Commercials on TV made this one look like a traditional horror movie centered around a bizarre insect infestation and helmed by the director of The Exorcist. But it's not as advertised ... at all. If you want a title like that, pick up 2006's Slither, a tongue-in-cheek look at a small town overrun by creepy crawlies.
Unlike its misleading promos would lead viewers to believe, Bug is a psychological case study, based on a play by Tracy Letts (who also wrote the screenplay). With the film's extremely limited exposition—the only sets are a seedy motel room and a dive bar—and bizarre monotone dialogue for two-thirds of the film, it reeks of something that succeeded on the stage but perhaps didn't translate to film as well.

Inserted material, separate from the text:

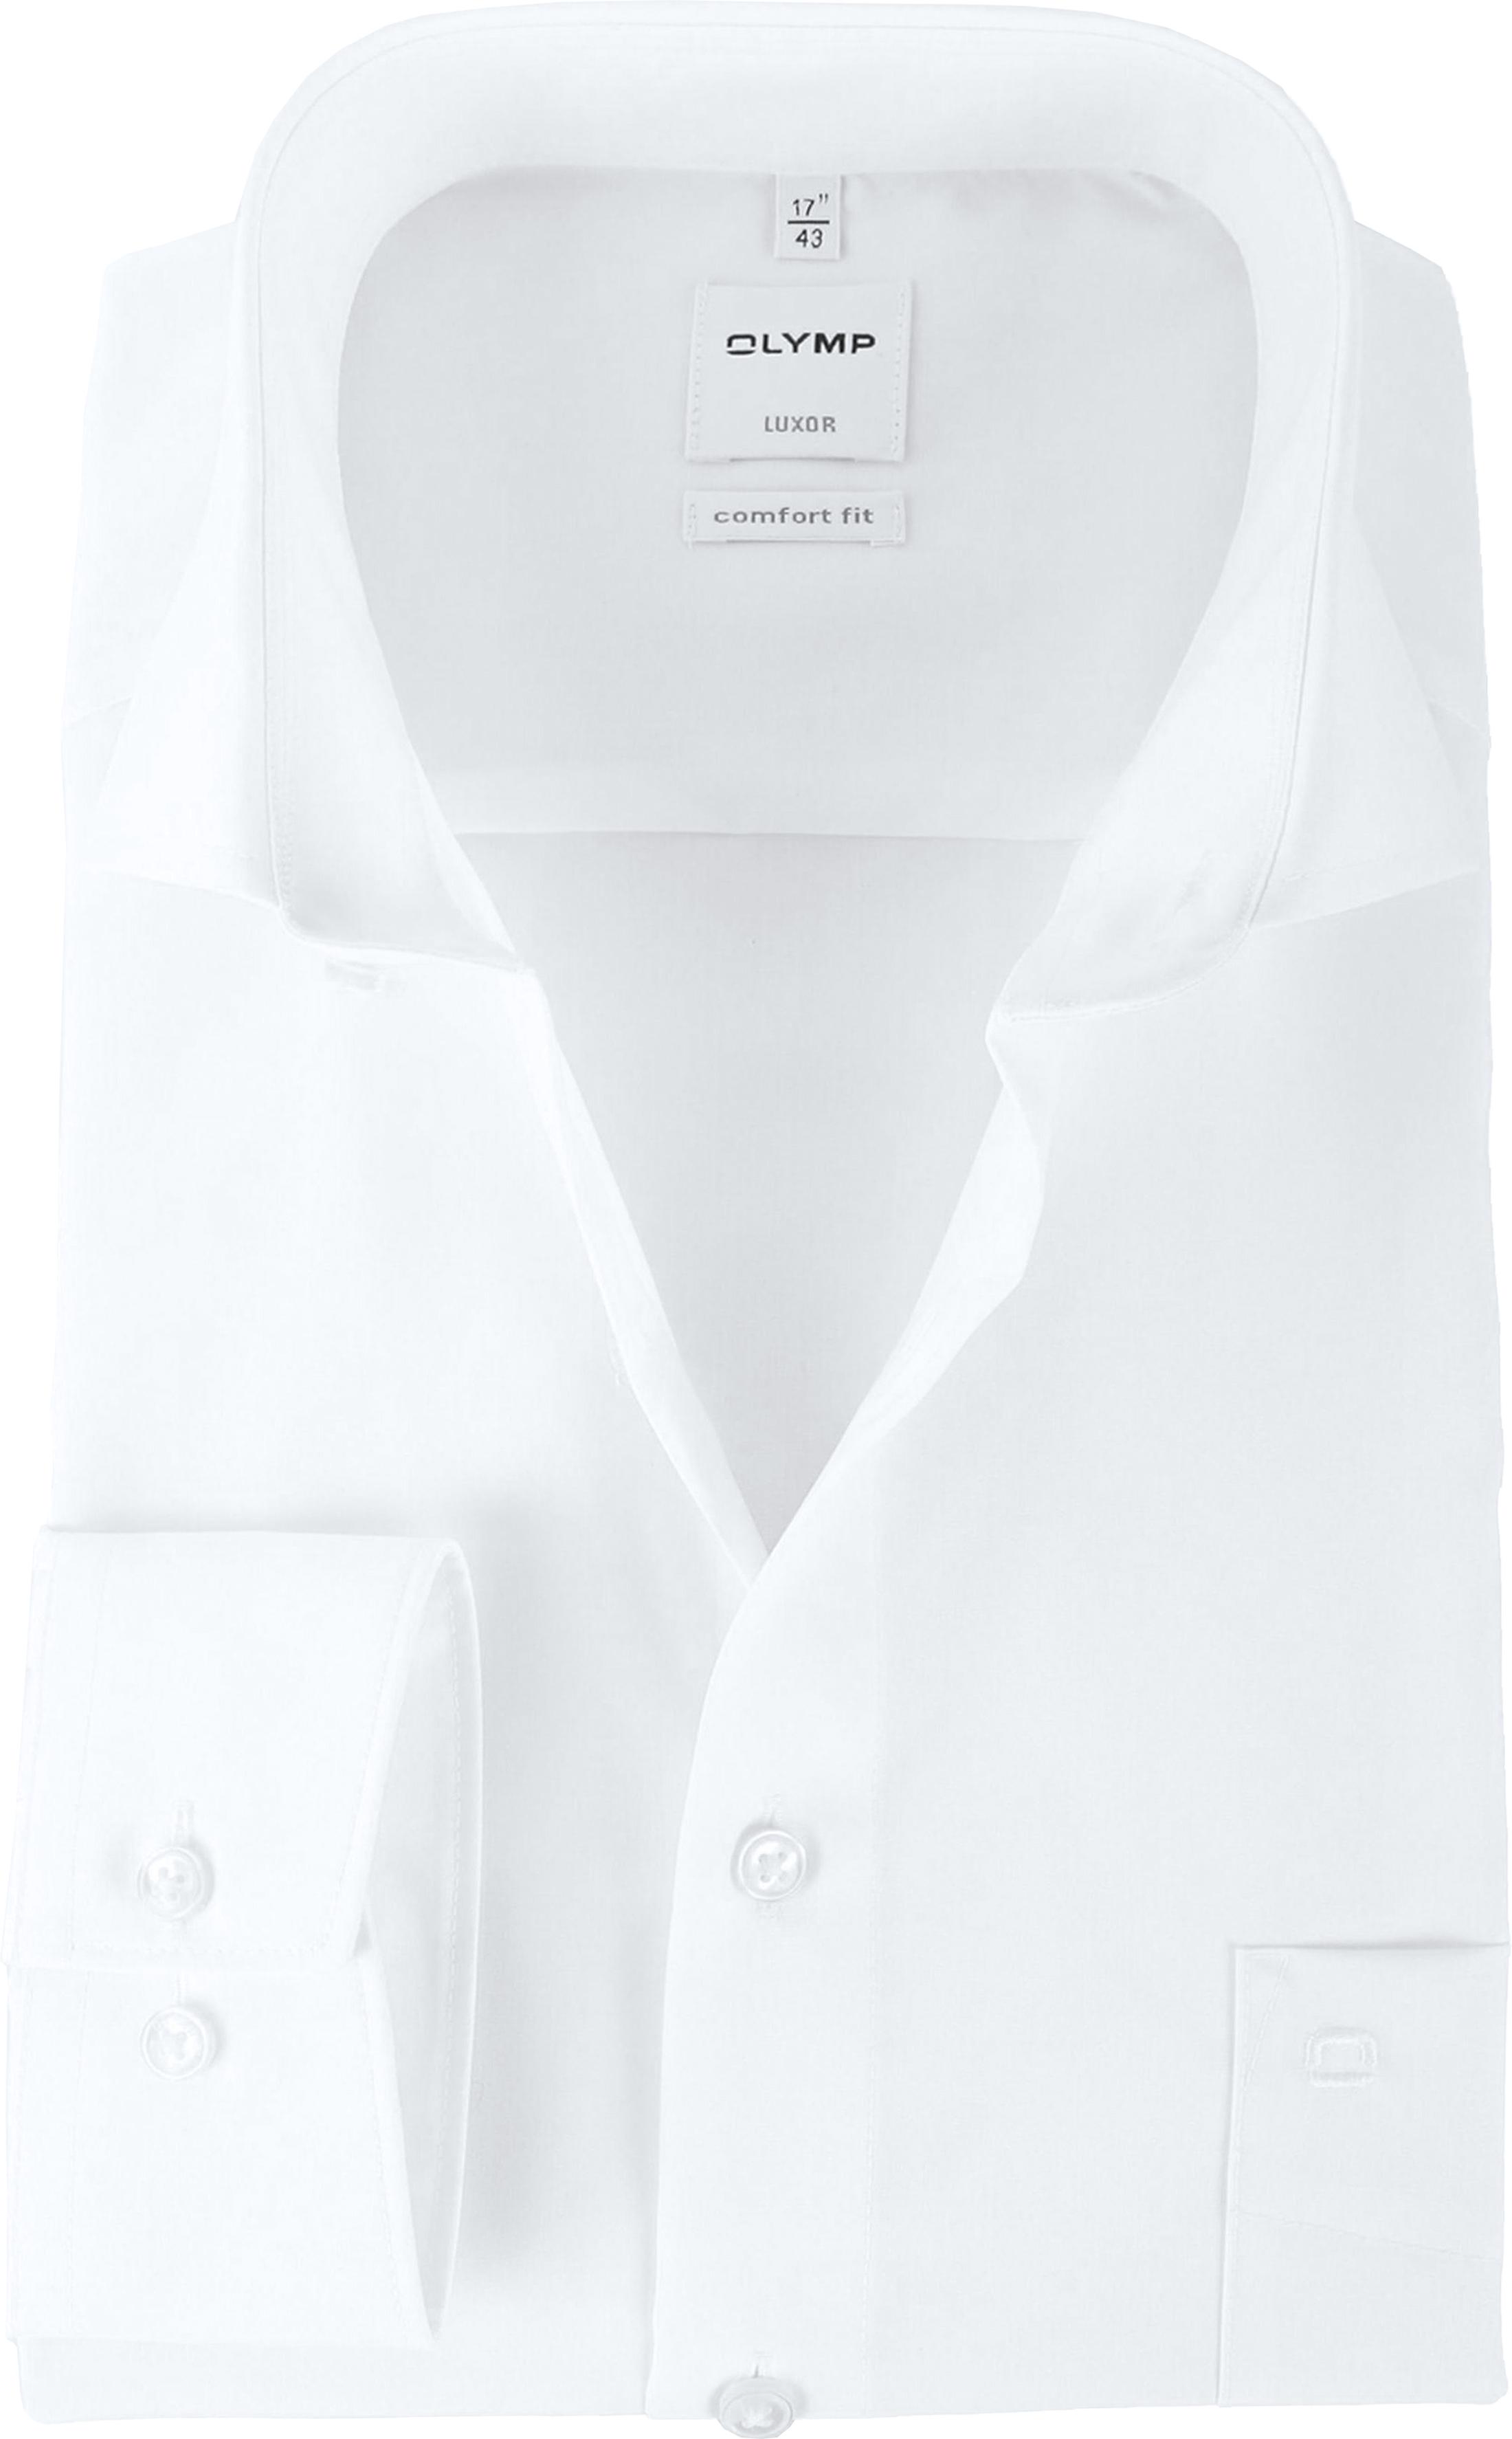 OLYMP Luxor Shirt Comfort Fit Cutaway foto 0

Agnes (Ashley Judd) is a woman living a dreary life, perpetually pestered by and fearful of her abusive ex, Jerry (Harry Connick, Jr., Hope Floats). When a drinking buddy brings a stranger with a checkered past (Michael Shannon, World Trade Center) to her house, the two form an odd bond and quickly become ensconced in a world of insects and intrigue.
Judd and Shannon both turn in rather interesting portrayals of characters at odds with the world, but don't be surprised if this film is much more of a hit with psychology professors than horror fans. Unless one is in a decidedly contemplative mood, the theme is almost too much to process.